Task objective: When you reach a picture, skip it, and retype every line below exactly.

___ Data

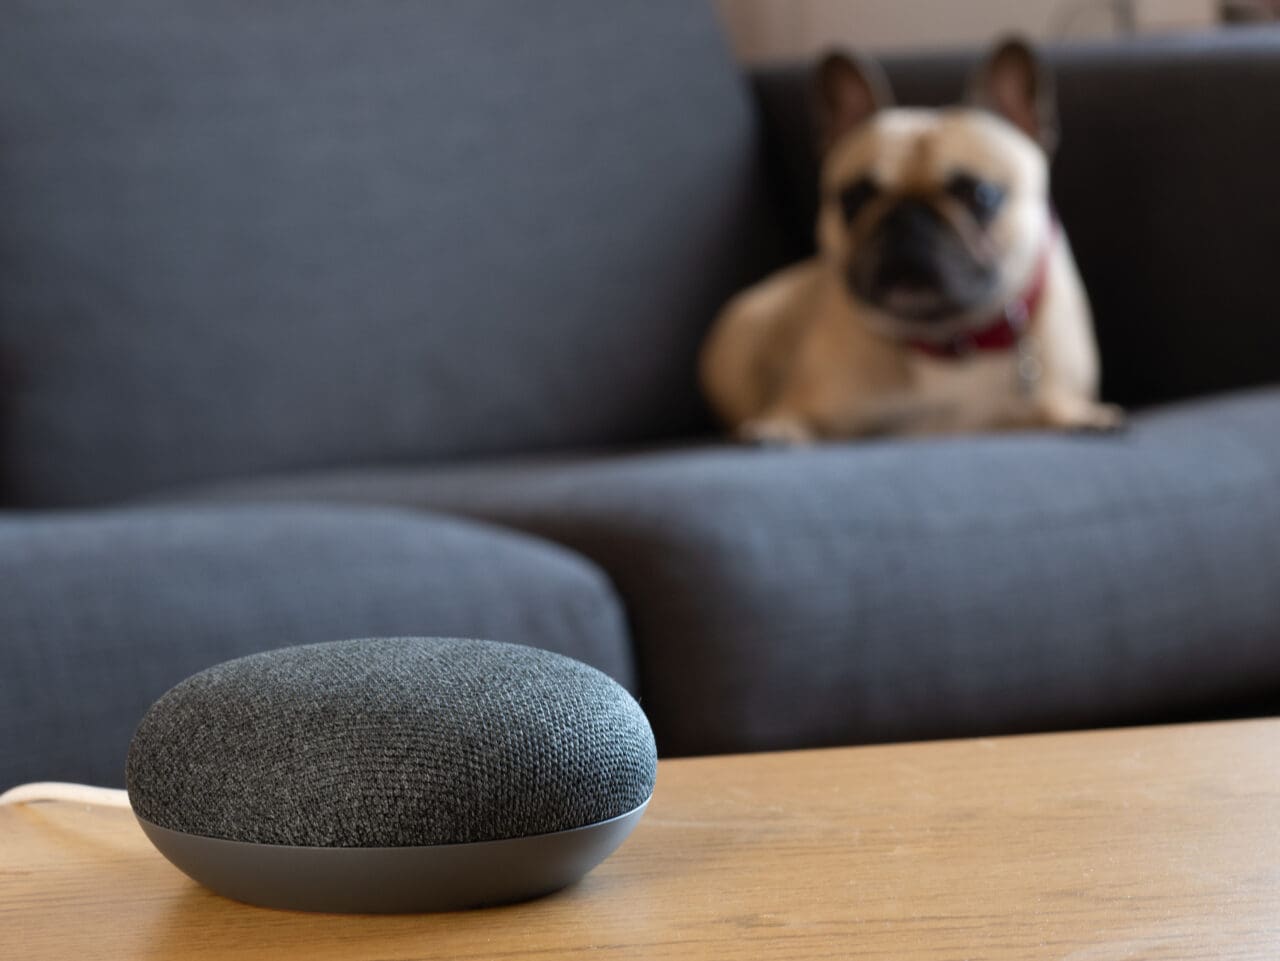 smart home speaker device placed on wooden table with blurred background of a dog on a sofa
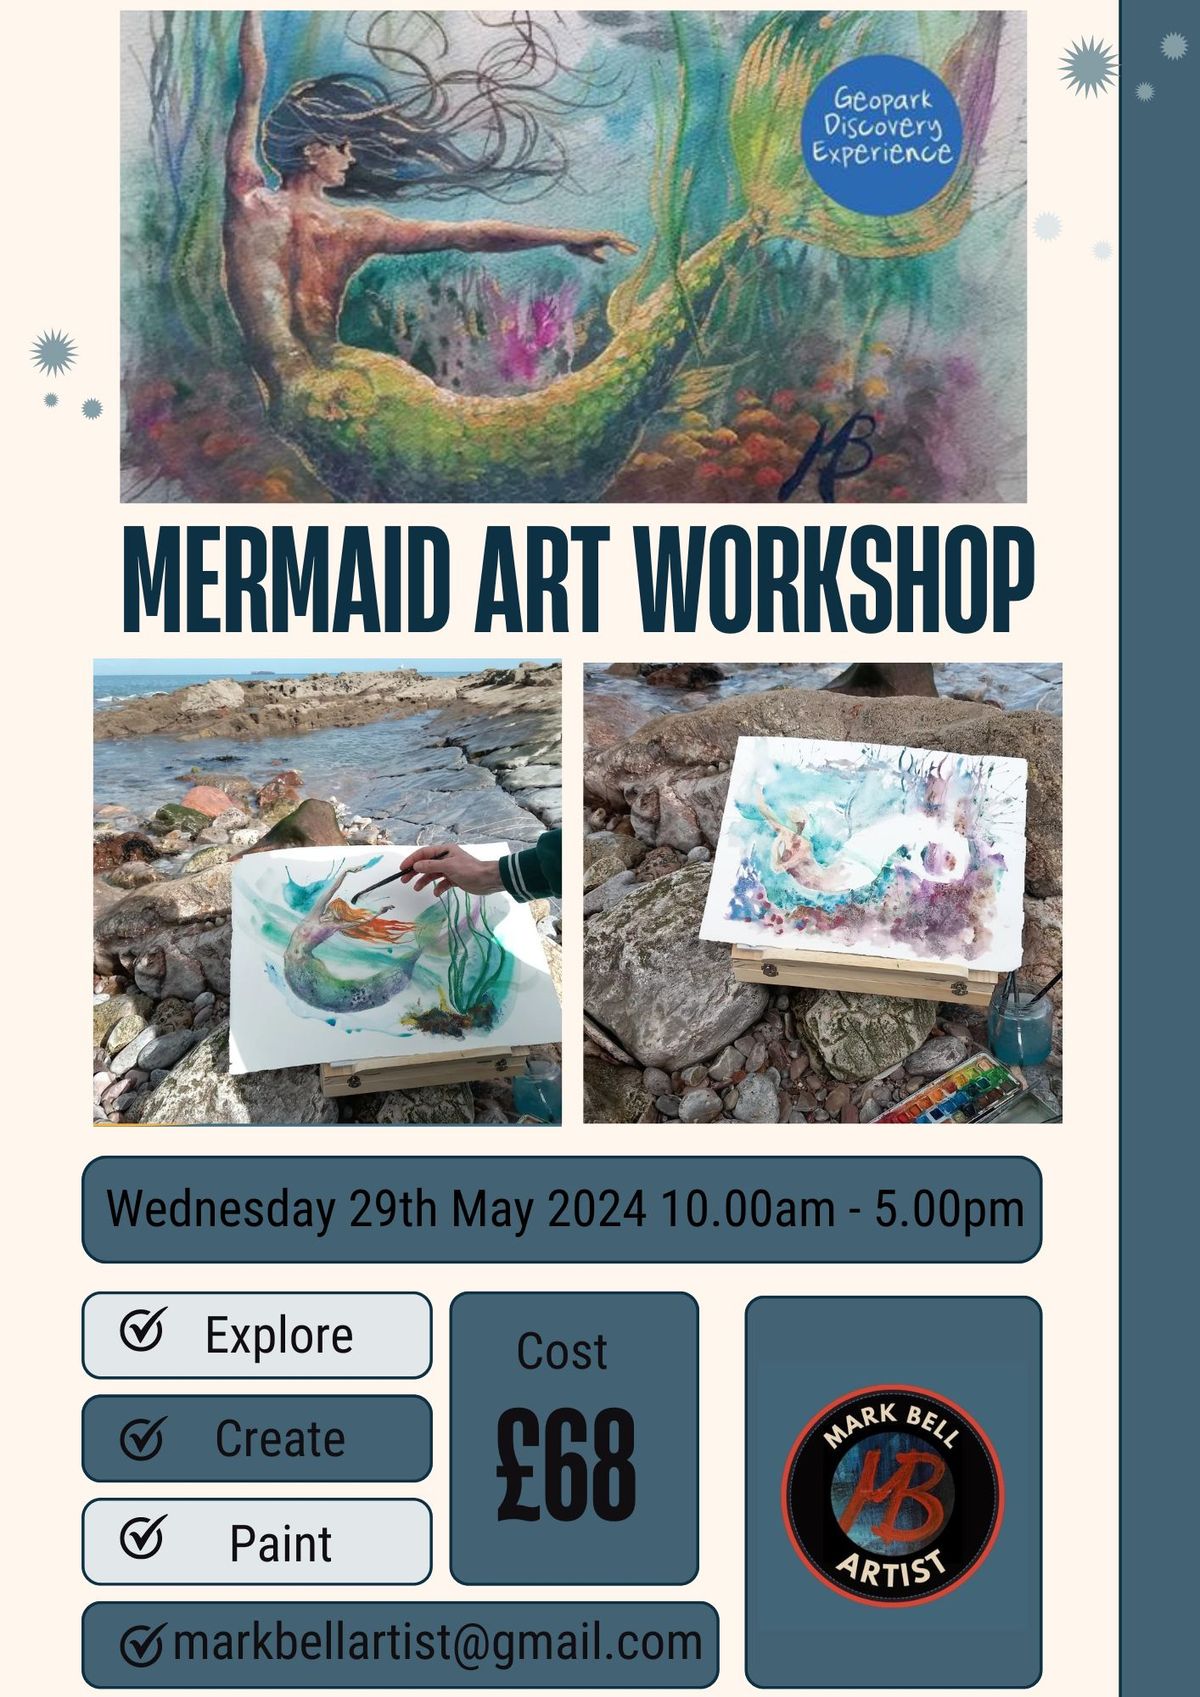 Mermaid Art Workshop with Mark Bell - Brixham - Wednesday 29th May 2024 
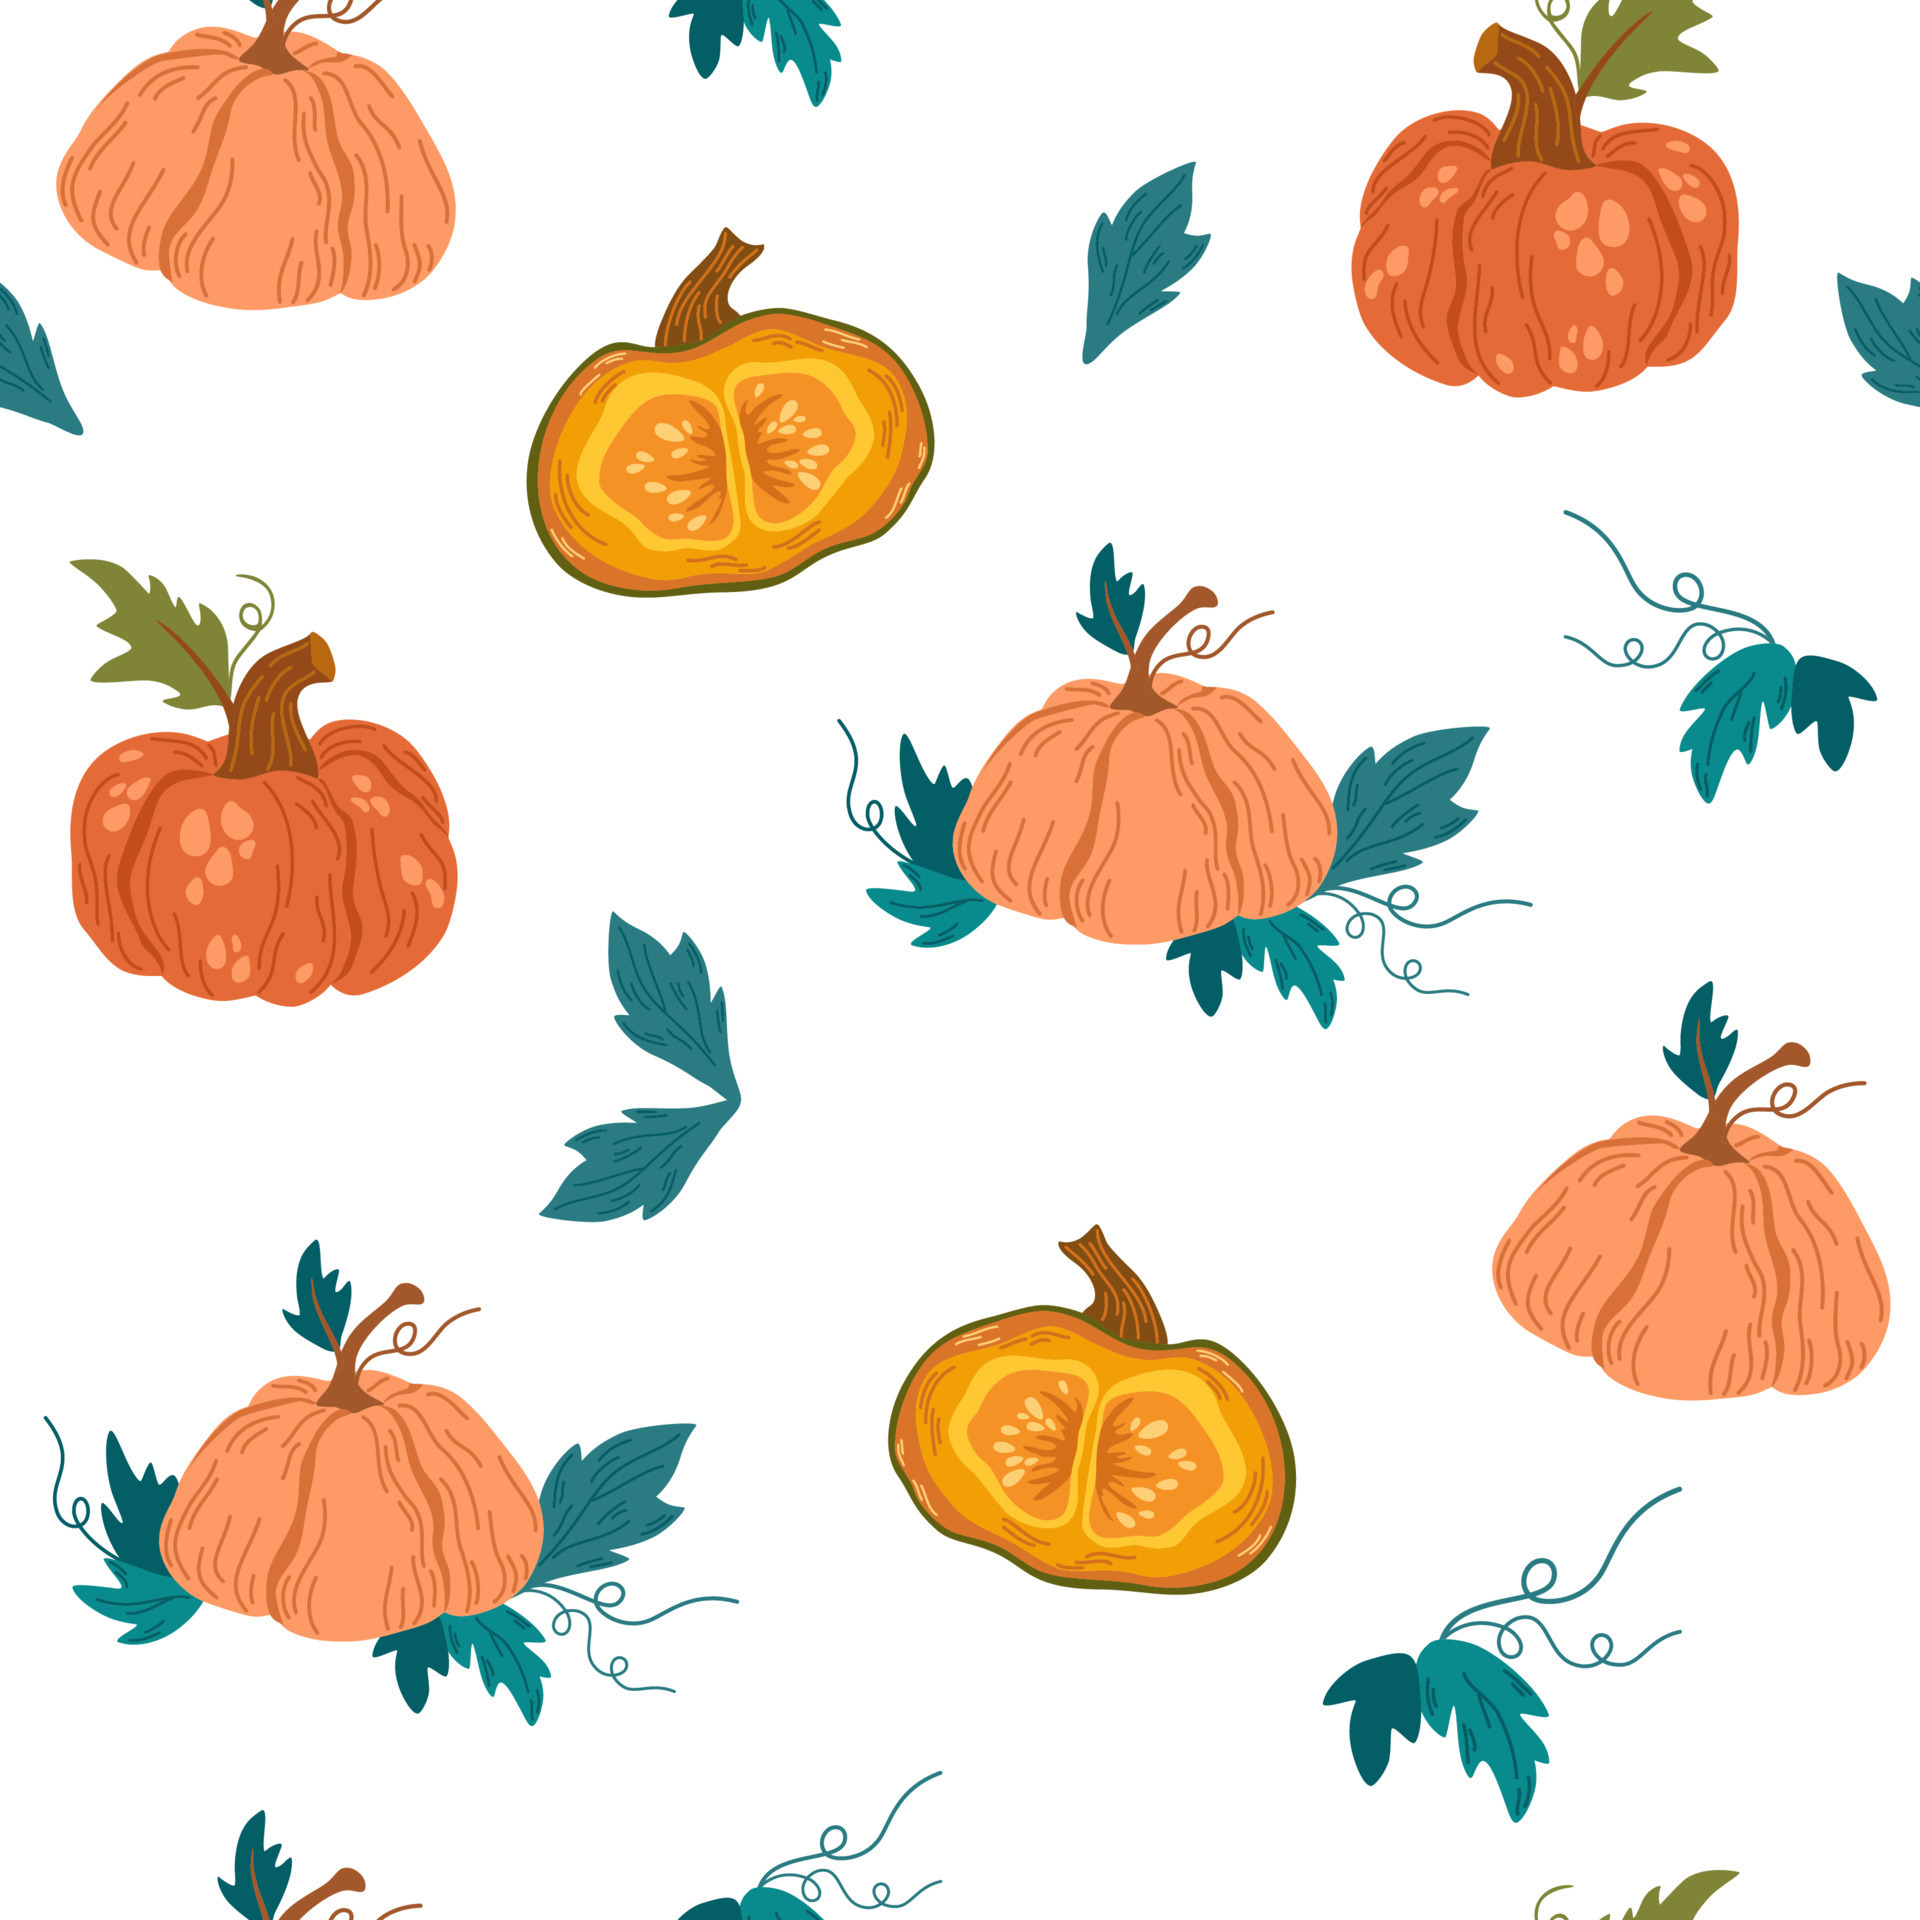 Autumn Leaves And Pumpkins Wallpapers - Wallpaper Cave

______

Reply to the exercise:
 smart home speaker device placed on wooden table with blurred background of a dog on a sofa
 Mermaid Art Workshop with Mark Bell - Brixham - Wednesday 29th May 2024 
 Autumn Leaves And Pumpkins Wallpapers - Wallpaper Cave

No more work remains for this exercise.